For adsorption experiments, C18sat or C18unsat, solubilized in DMSO, was injected (20 μl) into the subphase (milliQ water) to a final concentration of 2.34 ± 0.09 μM. The injection was done using a Hamilton syringe and two homemade devices allowing the injection without disturbing the air–water interface. These devices were placed at two fixed positions on the trough to ensure a reproducible injection process. Furthermore, during the entire duration of the experiment, the subphase was stirred using two cylindrical micromagnetic rods (8 × 1.5 mm) and two electronic stirrer heads located beneath the trough (model 300, Rank Brothers, Bottisham, U.K.). An autoreversing mode with slow acceleration and a stirring speed of 100 rpm was selected. After the injection of bolaform, the increase in surface pressure was recorded. The difference between ΔΠ of two independent sets of measurements was less than 0.5 mN/m.

4.2.2 Preparation of lipid vesicles (LUV liposomes)

Large unilamellar vesicles (LUV) are prepared as described by Tyteca et al. [30]. LUV are made from a mixture of phosphatidylcholine (PC), phosphatidylethanolamine (PE), sphingomyelin (SM) and cholesterol (chol) (1/1/1/2.5 w/w/w/w) (Sigma, St. Louis, MO, USA). Lipids are dissolved in chloroform:methanol (2:1, v:v) in a round bottomed flask. The solvent is evaporated under vacuum (Rotavapor R Büchi RE-111, Büchi, Flawil, Switzerland) to obtain a thin film of lipids, which is dried overnight in a vacuum dessicator. The dry lipid films are hydrated for 1 h under nitrogen at 37 °C in a 10 mM Tris (Sigma, St. Louis, MO, USA), 150 mM NaCl (Merck, Darmstadt, Germany), 0.01% EDTA (Merck, Darmstadt, Germany) and 1 mM NaN₃ (Sigma, St. Louis, MO, USA) buffer at pH 7.4. The suspension is submitted to five cycles of freezing/thawing to obtain multilamellar vesicles. These are further extruded to produce LUV [31] via 10 passages on a Lipex Biomembranes Extruder (Vancouver, Canada) composed of one pre-filter and two stacked polycarbonate membranes with a pore size of 0.1 μm (Polycarbonate filter Lipex Biomembranes, Vancouver, Canada). The actual phospholipid content of each preparation is determined by phosphorous assay [32].

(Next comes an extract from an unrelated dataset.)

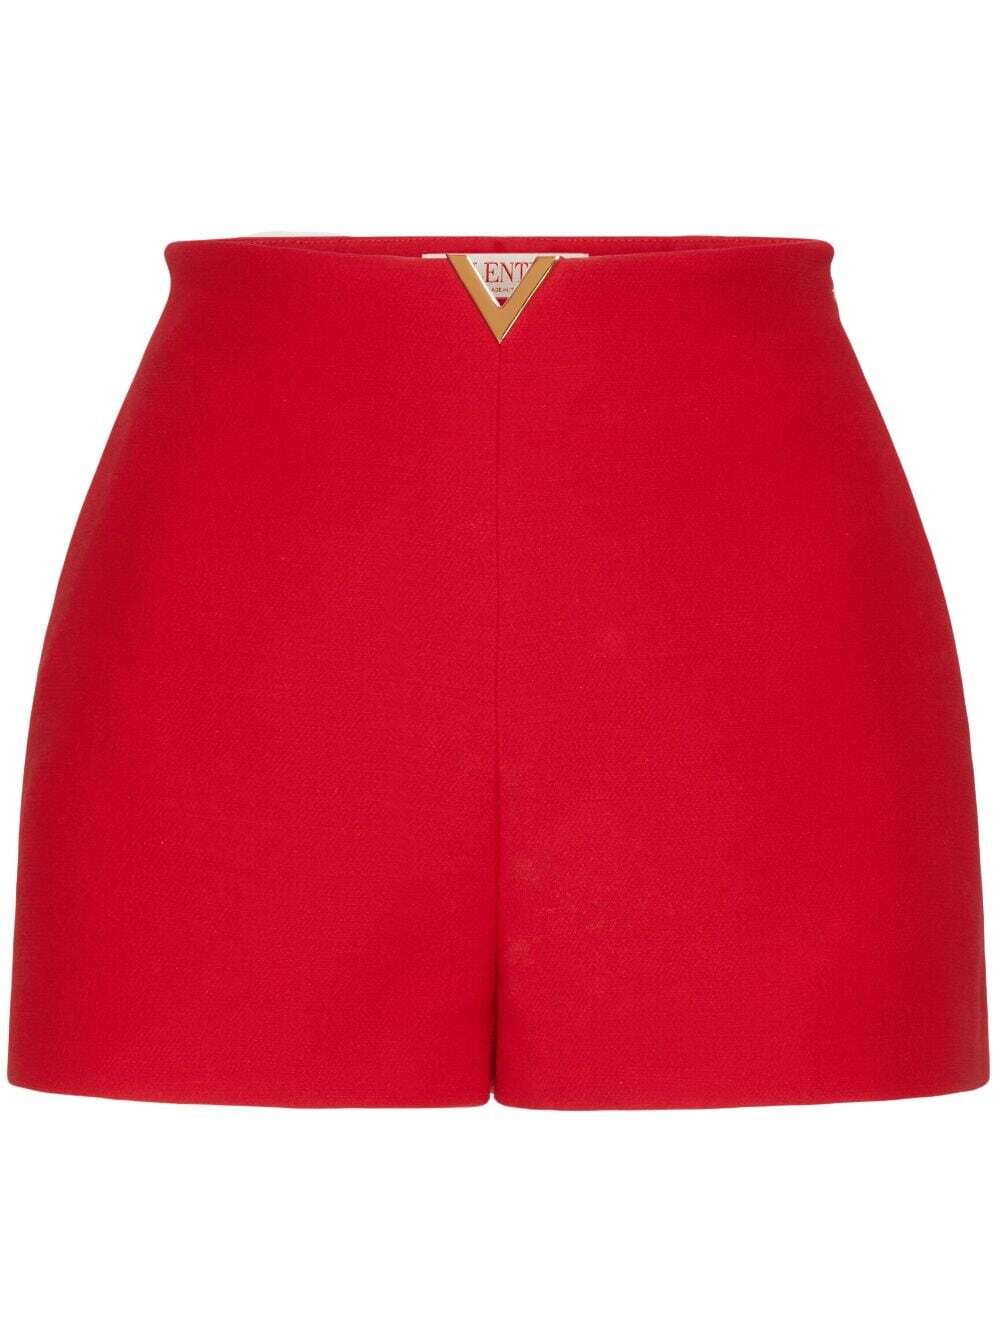 Crepe Couture Short

4.2.3 Membrane permeabilization

Membrane permeabilization was followed as described by Van Bambeke et al. [33]. Release of 8-hydroxypyrene-1,3,6 trisulfonic acid (HTPS) coentrapped with and quenched by p-xylene-bis-pyridinium bromide (DPX) from liposomes can be monitored by the fluorescence increase upon dilution following their leakage from the vesicles. The dried lipid films were hydrated with a solution of HTPS and DPX in a 40 mM glycine-NaOH mixture adjusted to pH 11 at a concentration of 31.8 and 35 mM, respectively. After formation of LUV, the unencapsulated dye was eliminated by passage on a sephadex G75 column. The liposomes were diluted to a final lipid concentration of 25 μM in Tris 10 mM, NaCl 150 mM buffer pH 7.4. C18sat or C18unsat was added and fluorescence intensities were immediately recorded. The percentage of HTPS released was defined as [(F_t − F_contr)/(F_tot − F_contr)] × 100, where F_t is the fluorescence signal measured after 15 min in the presence of C18sat or C18unsat, F_contr is the fluorescence signal measured at the same time for control liposomes, and F_tot is the total fluorescence signal obtained after complete disruption of the liposomes by 0.05% Triton X-100. All fluorescence determinations were performed at room temperature on a Perkin Elmer LS-50B Fluorescence Spectrophotometer (Perkin-Elmer Ltd., Norwalk, CT, USA.) using λ_exc of 450 nm and a λ_em of 512 nm.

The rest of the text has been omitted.